Namun sayangnya, kata Menkes, pemberian makanan tambahan tersebut tidak bisa mengcover seluruh anak balita di Tanah Air. Bisa karena alasan transportasi atau alasan lainnya.Ditanya tentang penyebab busung lapar, Menkes mengatakan bahwa penyebab utamanya adalah kondisi balita yang kurang gizi. Soal kenapa sampai terjadi kurang gizi, umumnya karena bayi itu berasal dari keluarga yang betul-betul miskin.
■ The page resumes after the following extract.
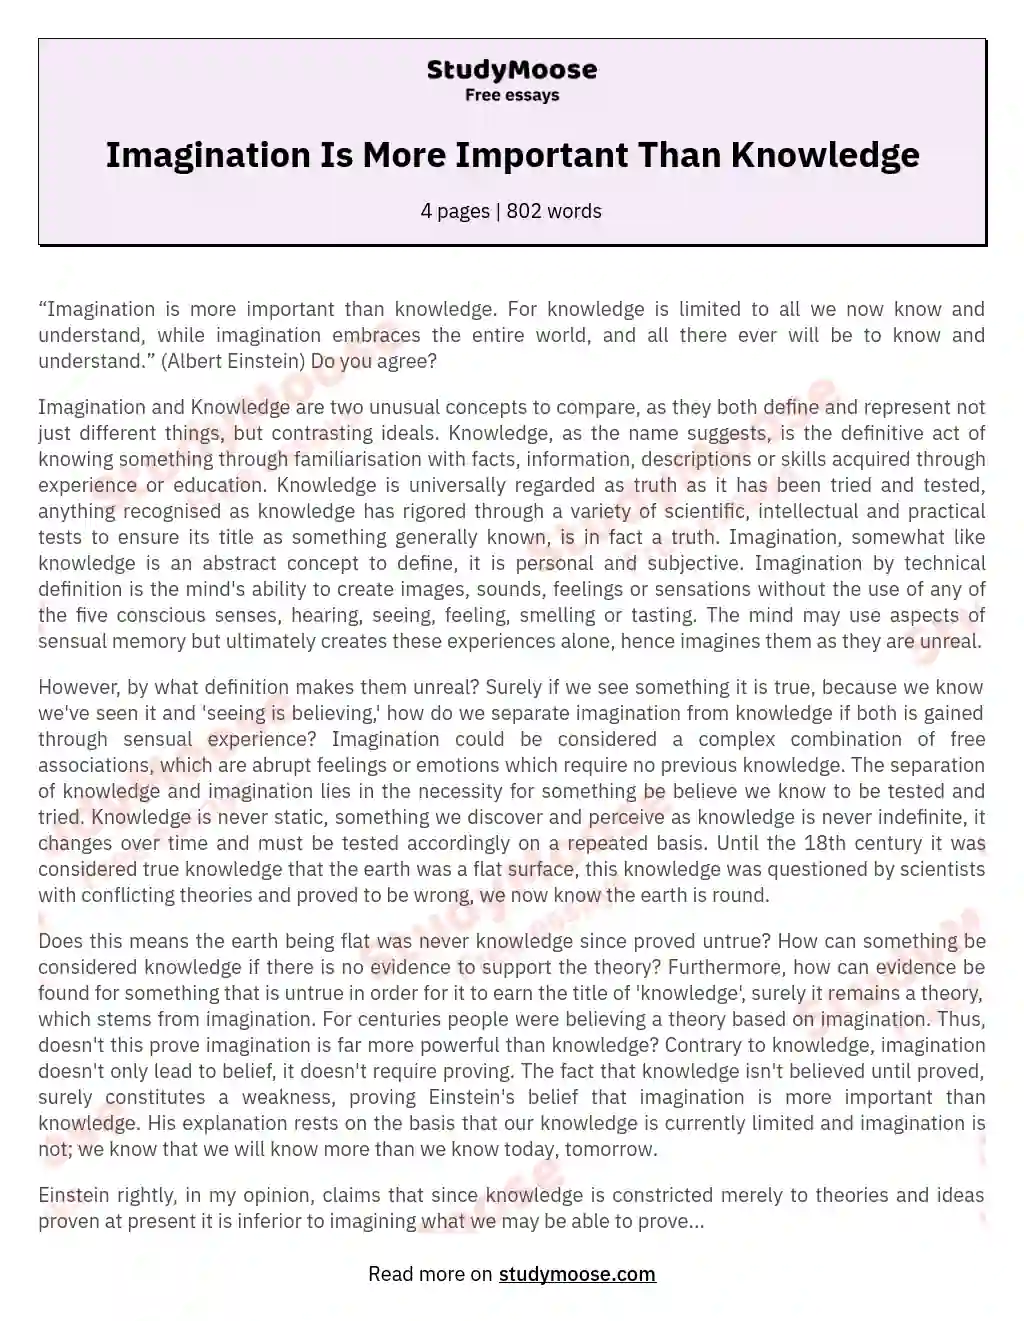 Imagination Is More Important Than Knowledge essay

Tapi bisa juga akibat kekurang-tahuan ibu terhadap kebutuhan gizi anak balitanya. ''Bisa juga akibat sakit berkepanjangan yang tidak kunjung sembuh sehingga balita tersebut menjadi kurang makan,'' tambah Menkes.
Karena itu, masalah penyakit busung lapar ini, sebenarnya bukan hanya persoalan Departemen Kesehatan saja. Tapi menjadi tanggung jawab beberapa departemen terkait, karena penyakit busung lapar biasanya terjadi pada anak-anak balita dari kalangan keluarga tidak mampu. Untuk itulah, Menkes menyebutkan bahwa penanganan kasus busung lapar di NTB dan di daerah lain, harus tangani secara komprehensif dengan melibatkan instansi terkait lainnya. ''Soal bagaimana meningkatkan kehidupan rakyat agar tidak miskin, bagaimana meningkatkan pertanian rakyat, tentunya merupakan urusan departemen lain. Jadi tidak hanya Depkes yang mendapat beban,'' tegas Menkes.
Sementara itu saat menjadi pembicara di Muktamar III AIPKI, Menkes mengatakan, setiap fakultas kedokteran yang didirikan di perguruan tinggi, seharusnya memiliki rumah sakit sendiri. Karena kalau tidak, fakultas kedokteran itu seperti keong yang tidak memiliki rumah. Berkaitan dengan kondisi itu, Menkes mengaku pihaknya sedang berupaya mengembangkan berdirinya rumah sakit pendidikan di seluruh Indonesia. Salah satu langkah yang ditempuh Depkes, adalah dengan meminta Departemen Pendidikan Nasional dan Departemen Dalam Negeri untuk melakukan kerjasama. Namun sayangnya, kata Menkes, harapan kerjasama untuk mendirikan hospital university tersebut, sejauh ini belum mendapat tanggapan memadai dari Depdiknas. ''Saya jadi seperti bertepuk sebelah tangan'', terang Menkes.